On 11/22/05, Paul Jimenez <pj at place.org> wrote:
>
> It is my assertion that urlparse is currently broken.  Specifically, I
> think that urlparse breaks an abstraction boundary with ill effect.

IIRC I did it this way because the RFC about parsing urls specifically
prescribed it had to be done this way. Maybe there's a newer RFC with
different rules?

> In writing a mailclient, I wished to allow my users to specify their
> imap server as a url, such as 'imap://user:password@host:port/'. Which
> worked fine. I then thought that the natural extension to support
> configuration of imapssl would be 'imaps://user:password@host:port/'....
> which failed - user:passwrod at host:port got parsed as the *path* of
> the URL instead of the network location. It turns out that urlparse
> keeps a table of url schemes that 'use netloc'... that is to say,
> that have a 'user:password at host:port' part to their URL. I think this
> 'special knowledge' about particular schemes 1) breaks an abstraction
> boundary by having a function whose charter is to pull apart a
> particularly-formatted string behave differently based on the meaning of
> the string instead of the structure of it

I disagree. You have to know what the scheme means before you can
parse the rest -- there is (by design!) no standard parsing for
anything that follows the scheme and the colon. I don't even think
that you can trust that if the colon is followed by two slashes that
what follows is a netloc for all schemes.

But if there's an RFC that says otherwise I'll gladly concede;
urlparse's main goal in life is to b RFC compliant. Is your opinion
based on an RFC?

> and 2) fails to be extensible
> or forward compatible due to hardcoded 'magic' strings - if schemes were
> somehow 'registerable' as 'netloc using' or not, then this objection
> might be nullified, but the previous objection would still stand.

I think it is reasonable to propose an extension whereby one can
register a parser (or parsing flags like uses_netloc) for a specific
scheme, presuming there won't be conflicting registrations (which
should only happen if two independently developed libraries have a
different use for the same scheme -- a failure of standardization).

> So I propose that urlsplit, the main offender, be replaced with something
> that looks like:
>
> def urlsplit(url, scheme='', allow_fragments=1, default=('','','','','')):

Since you don't present your new code in diff format, could you
explain in English how what it does differs from the original?
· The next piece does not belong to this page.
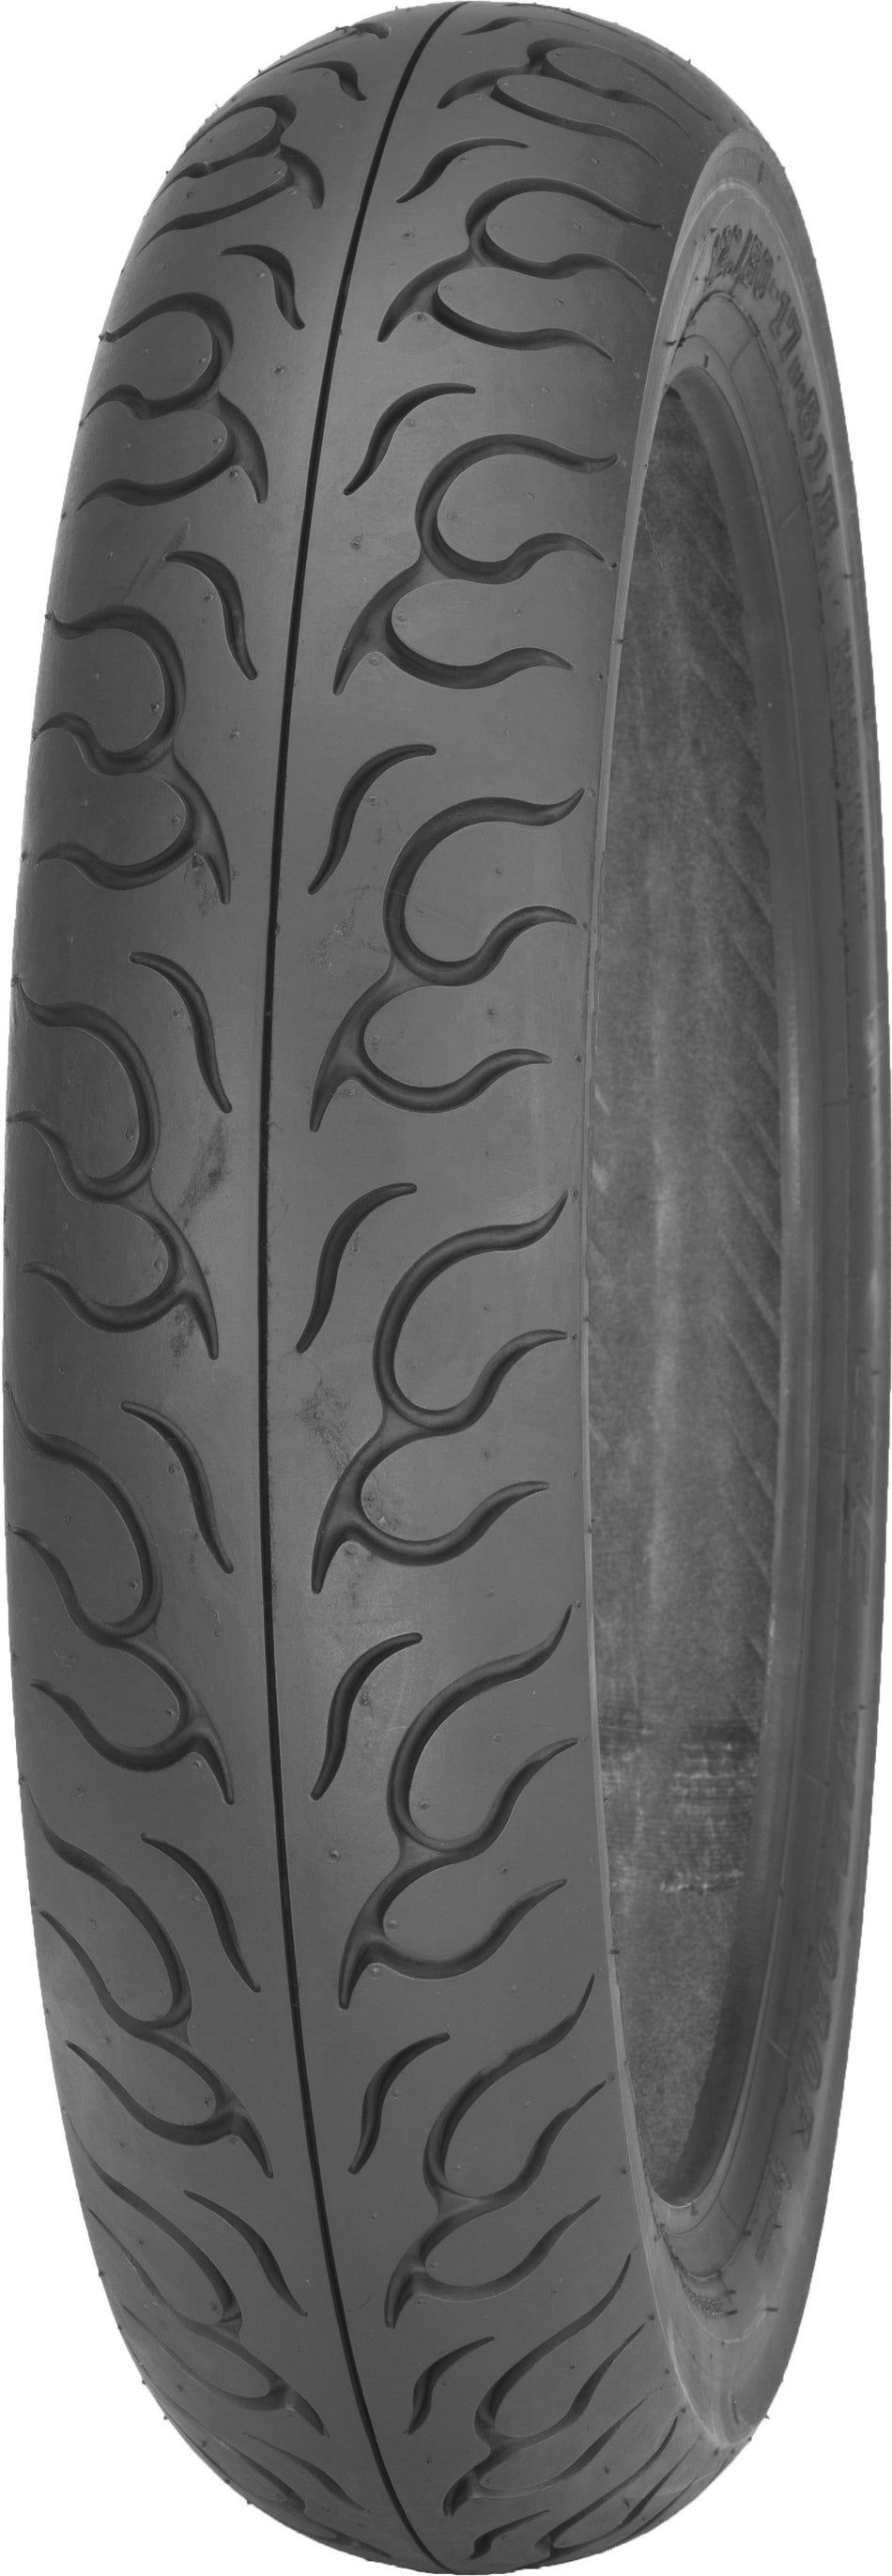 IRC Tire Wf-920 Front 3.00-19 49h Bias 301674

Or
perhaps you could present some unit tests (doctest would be ideal)
showing the desired behavior of the proposed code (I understand from
later posts that it may have some bugs). (For example, why add the
default parameter?)

> Note that I'm not sold on the _parse_cache, but I'm assuming it was there
> for a reason so I'm leaving that functionality as-is.

There's also a special case for http; given that the code is rather
general and hence slow, it makes sense that it attempts some
optimizations, and removing these might cause a nasty surprise for
some users.

> If this isn't the right forum for this discussion, or the right place to
> submit code, please let me know.

Please do submit patches to SF if you want then to be discussed.

> Also, please cc: me directly on responses
> as I'm not subscribed to the firehose that is python-dev.

ACK.

--
--Guido van Rossum (home page: http://www.python.org/~guido/)